Strict mode halts on the first mismatch; use `mode="observe"` to continue and collect every divergence. The report includes structural diff previews (`expected_preview` / `observed_preview`), not the error string alone.

That's the core loop: turn a one-time, irreproducible failure into a fixed artifact you can re-enter and dissect.

## What it guarantees

- **Faithful replay** for every captured boundary — the replayed boundary sequence exactly matches the recording (verified in CI).
- **Offline and safe** — replay makes zero live LLM calls and never re-executes tools. Replaying an agent that issued a refund does not issue another.
- **Crash-safe recording** — an event is durably on disk (`fsync`) before the agent acts on it. Verified with real `SIGKILL` in CI. A killed run produces a *truncated* log, never a *holed* one.
- **Honest divergence** — when replay can't reproduce faithfully, it **halts at the exact point and tells you**, with a diff. It never silently guesses or serves a mismatched response.

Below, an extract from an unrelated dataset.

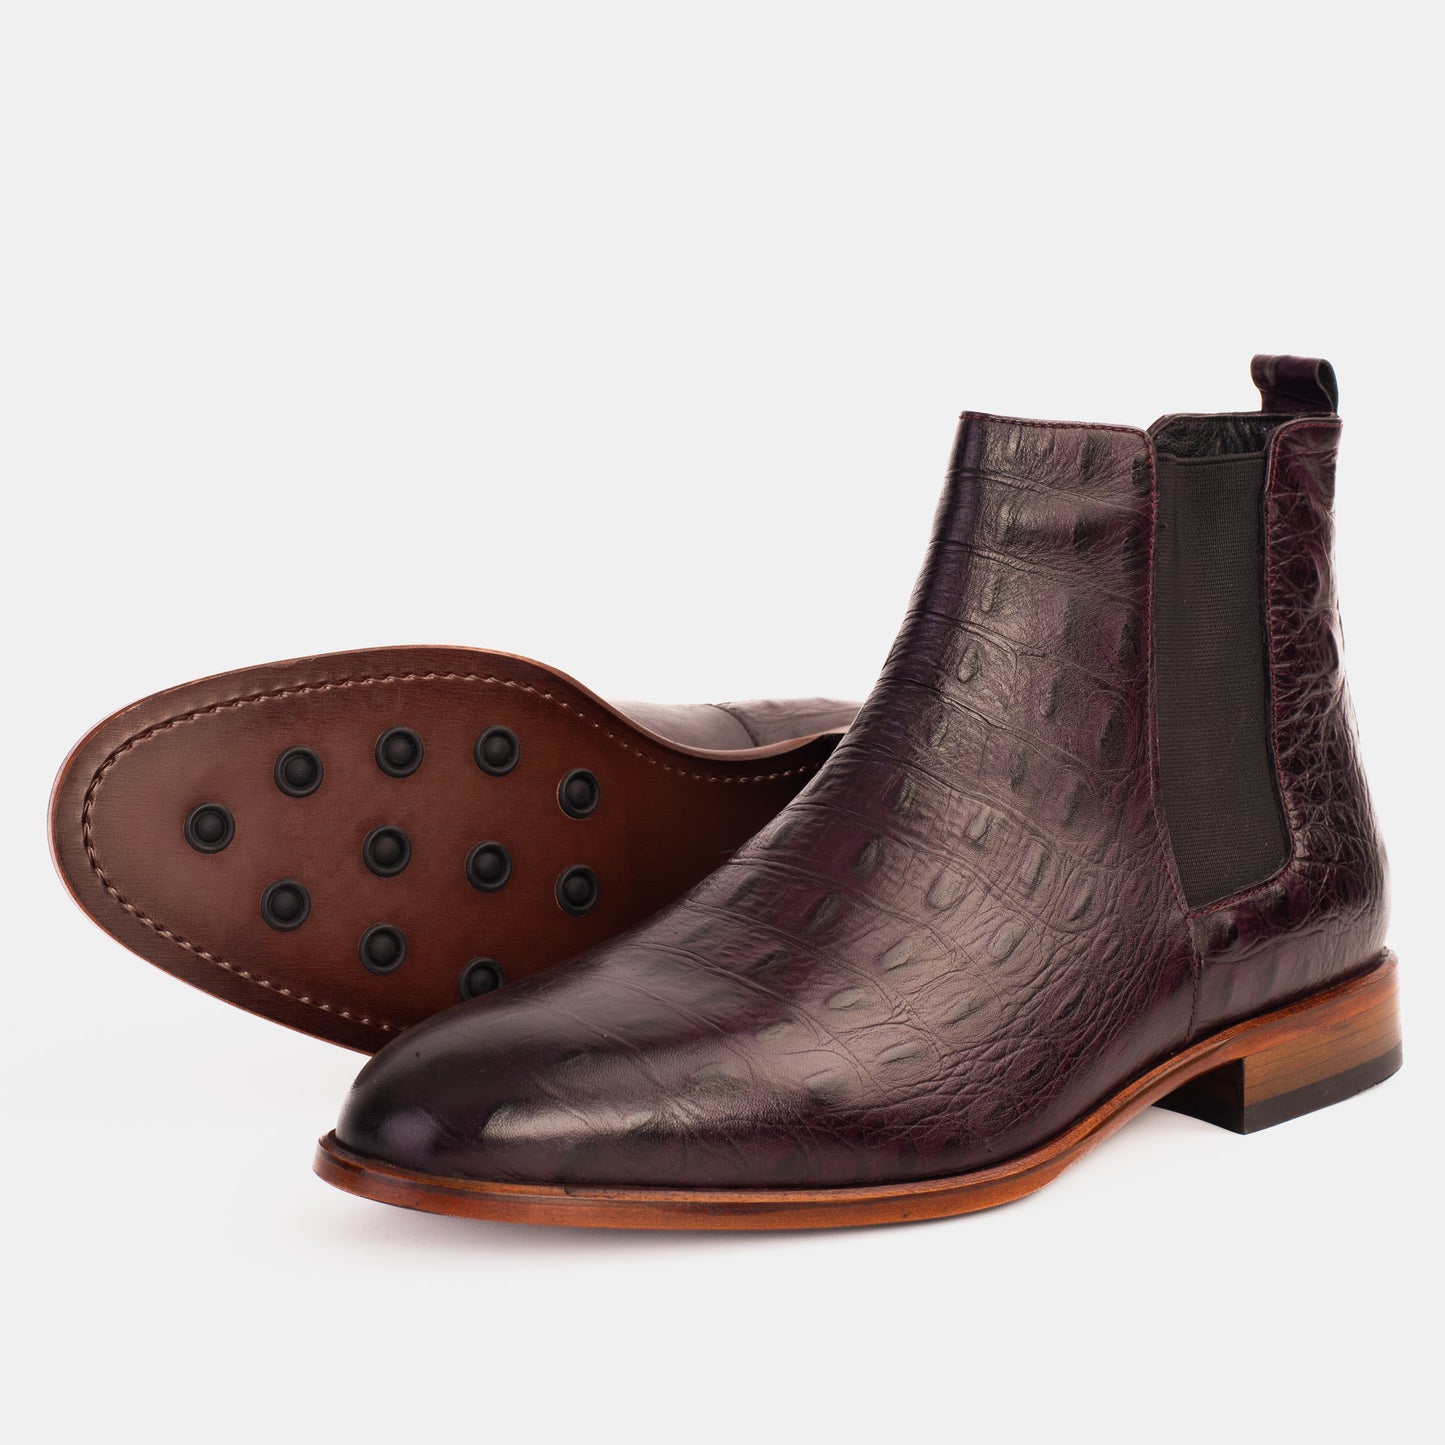 The Sirocco Burgundy Leather Chelsea Dress Men Boot
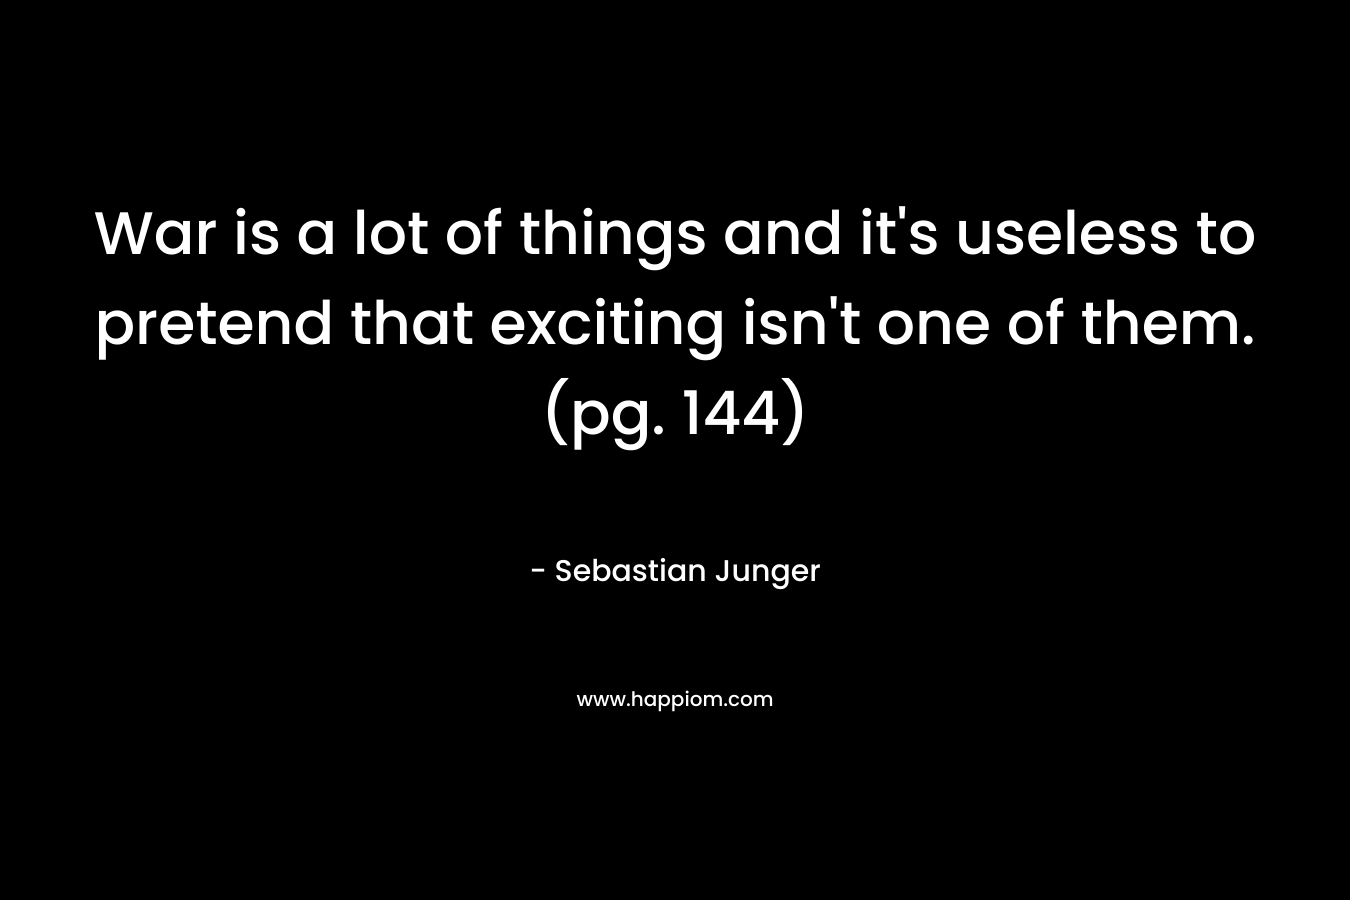 War is a lot of things and it’s useless to pretend that exciting isn’t one of them. (pg. 144) – Sebastian Junger

## What it does NOT do (by design)

Single-process, synchronous agents. No marketplace, no backend, no GUI. Concurrency, streaming-chunk replay, and multi-agent pipelines are out of scope for v0.1. See [docs/contract.md](docs/contract.md) for the full contract and exclusions.

## How it works

agentrr intercepts at the boundaries where an agent touches nondeterminism, and freezes them on replay:

| Layer | Recorded | Served on replay |
|-------|----------|------------------|
| LLM calls (OpenAI, Anthropic) | full request + response + metadata | recorded response |
| Tool calls | name, args, return/error | recorded result (tool never runs) |
| Clock / RNG / IDs | every read and draw | recorded values, in order |

Matching is **sequence-primary, signature-validated** — no fuzzy search, ever. A request that doesn't match the next expected event is divergence, not a thing to paper over.

## Install

From source (PyPI publish pending):

```bash
git clone https://github.com/<OWNER>/agentrr.git
cd agentrr
uv sync --group dev
export PYTHONPATH=examples   # for example agents
```

## Development

```bash
uv sync --group dev
make test          # full suite incl. credibility gates
make durability    # SIGKILL write-before-return gate
gitleaks detect    # secret scan before you push
```

### Reference agents

| Agent | Purpose |
|-------|---------|
| `examples/agents/deterministic_support.py` | Golden path (mock LLM, registered tools, shims) |
| `examples/agents/unstable_loop.py` | Unwrapped `random` — diverges on replay (by design) |
| `examples/agents/tool_caller.py` | LLM → tool → LLM loop |
| `examples/agents/broken_replay_cases.py` | Negative scenarios (edited prompt, missing tool, truncated/corrupt log) |

## License

Apache-2.0 — see [LICENSE](LICENSE).